* **Task brief**:
Retype the listing exactly, minus its pictures.

Data excerpt Block Start

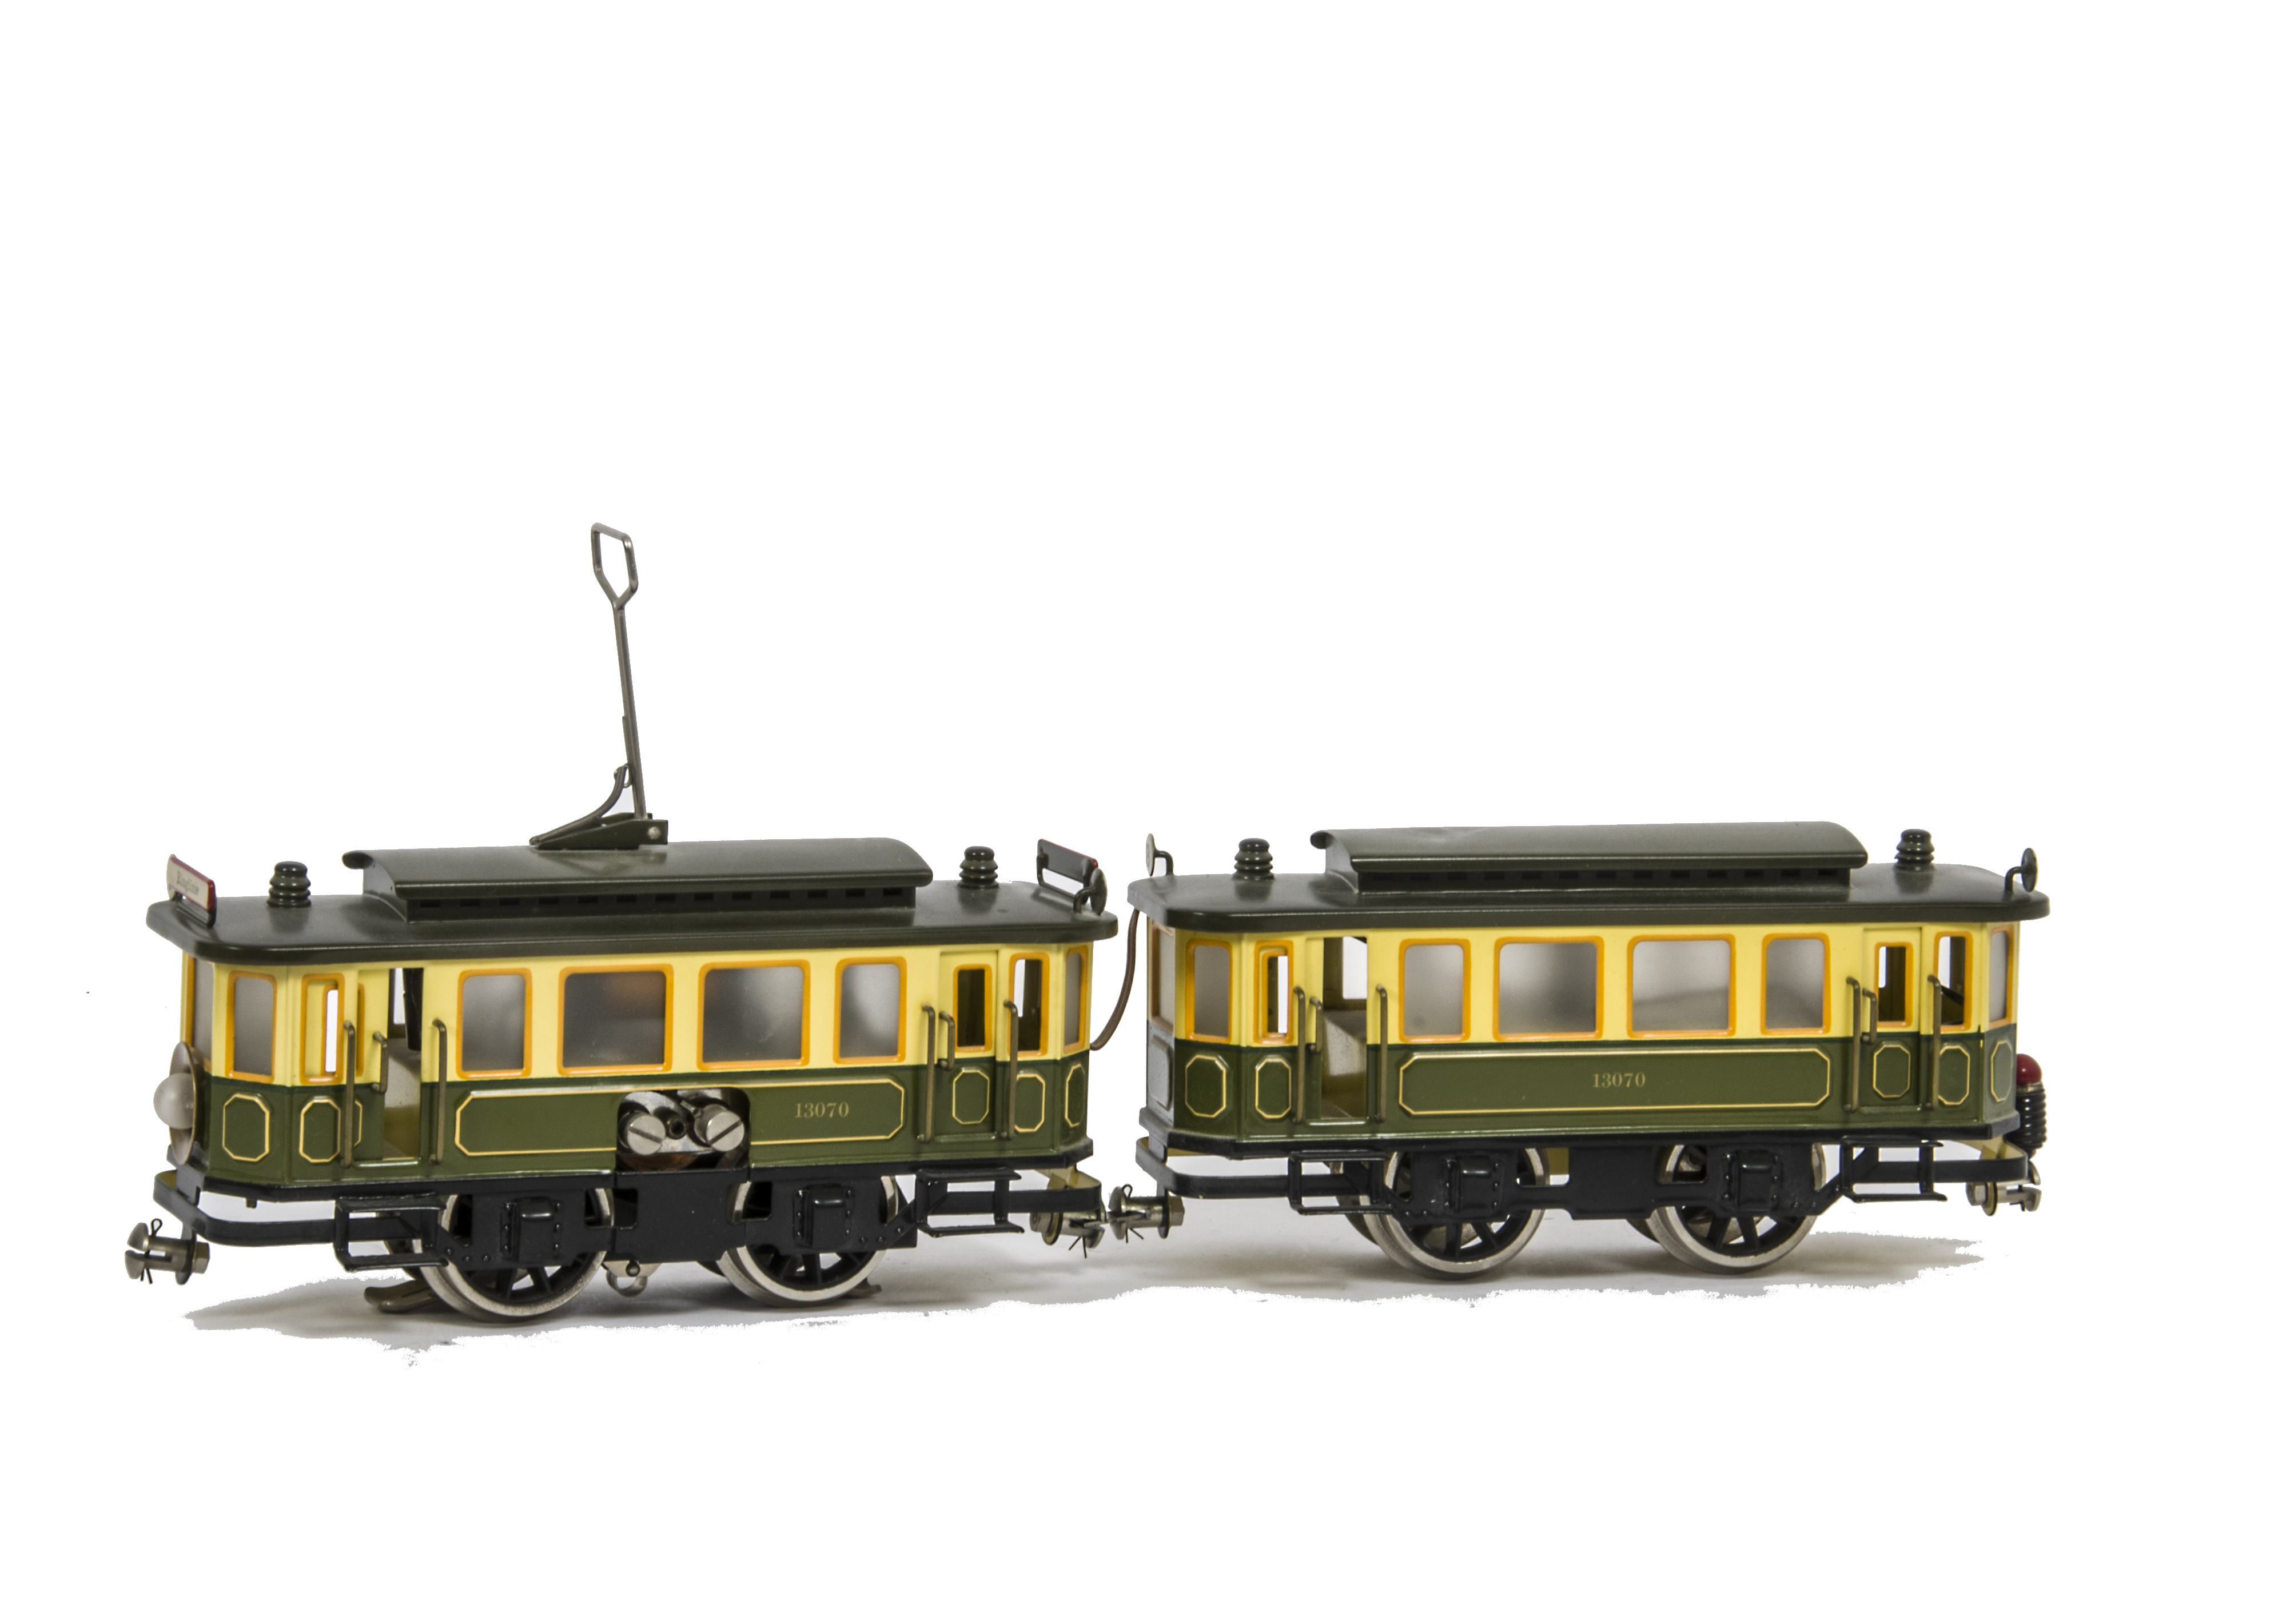 A Hehr (Märklin Reproduction) Continental 0 Gauge 3-rail Tram and Trailer Set, ref 13070, in green/
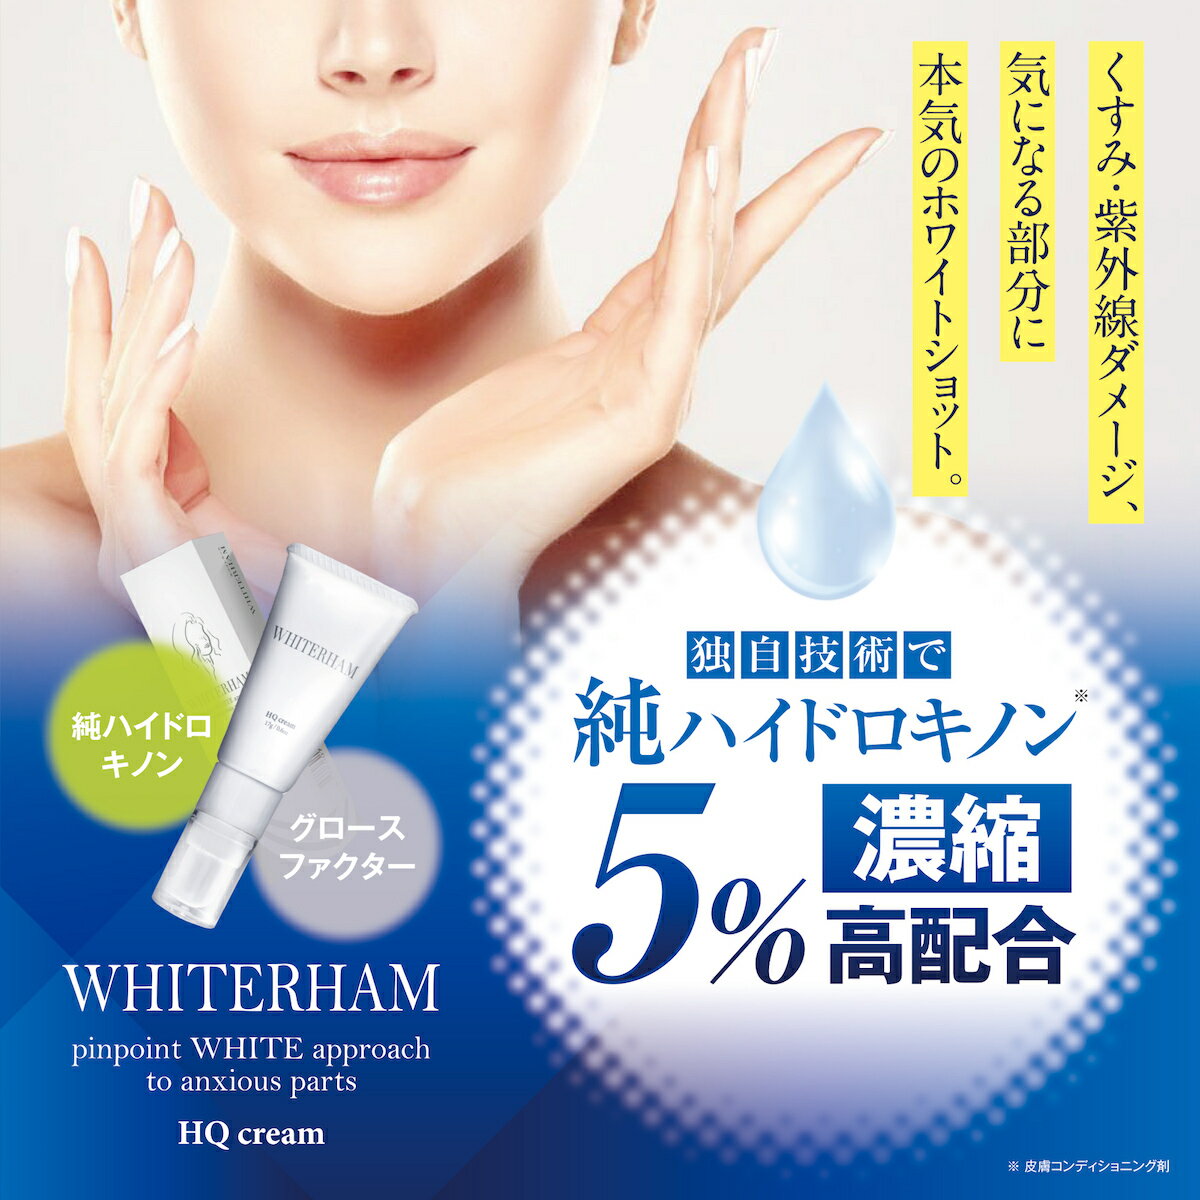 ホワイトラーム ハイドロキノン クリーム ハイドロキノン5% EGF フェイスクリーム 高濃度 日本製 15g
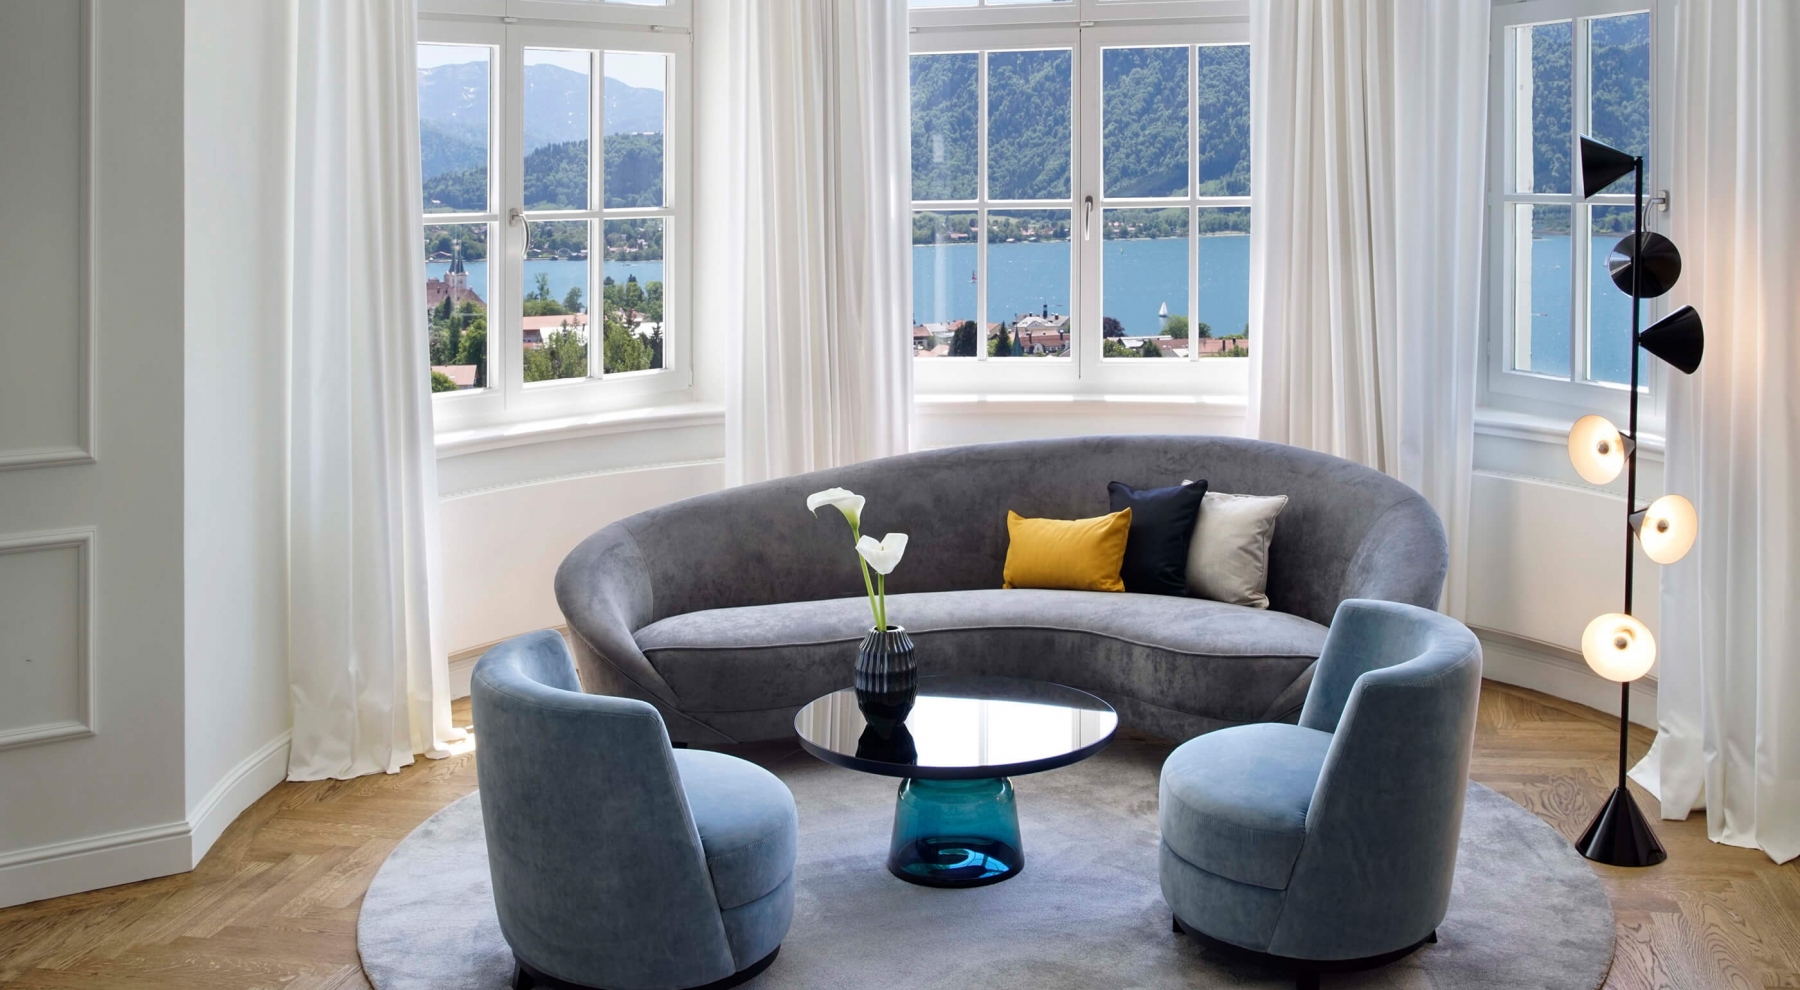 Aufnahme in der Junior Suite im Hotel Das Tegernsee mit einer modernen, hell-grauen Sitzgruppe bestehend aus einem Sofa und zwei Sesseln im Bildzentrum, welche vor einer breiten Fensterfront mit Blick auf den Tegernsee steht.

Data excerpt Block End

* **Solution to this problem**:
 A Hehr (Märklin Reproduction) Continental 0 Gauge 3-rail Tram and Trailer Set, ref 13070, in green/
 ホワイトラーム ハイドロキノン クリーム ハイドロキノン5% EGF フェイスクリーム 高濃度 日本製 15g
 Aufnahme in der Junior Suite im Hotel Das Tegernsee mit einer modernen, hell-grauen Sitzgruppe bestehend aus einem Sofa und zwei Sesseln im Bildzentrum, welche vor einer breiten Fensterfront mit Blick auf den Tegernsee steht.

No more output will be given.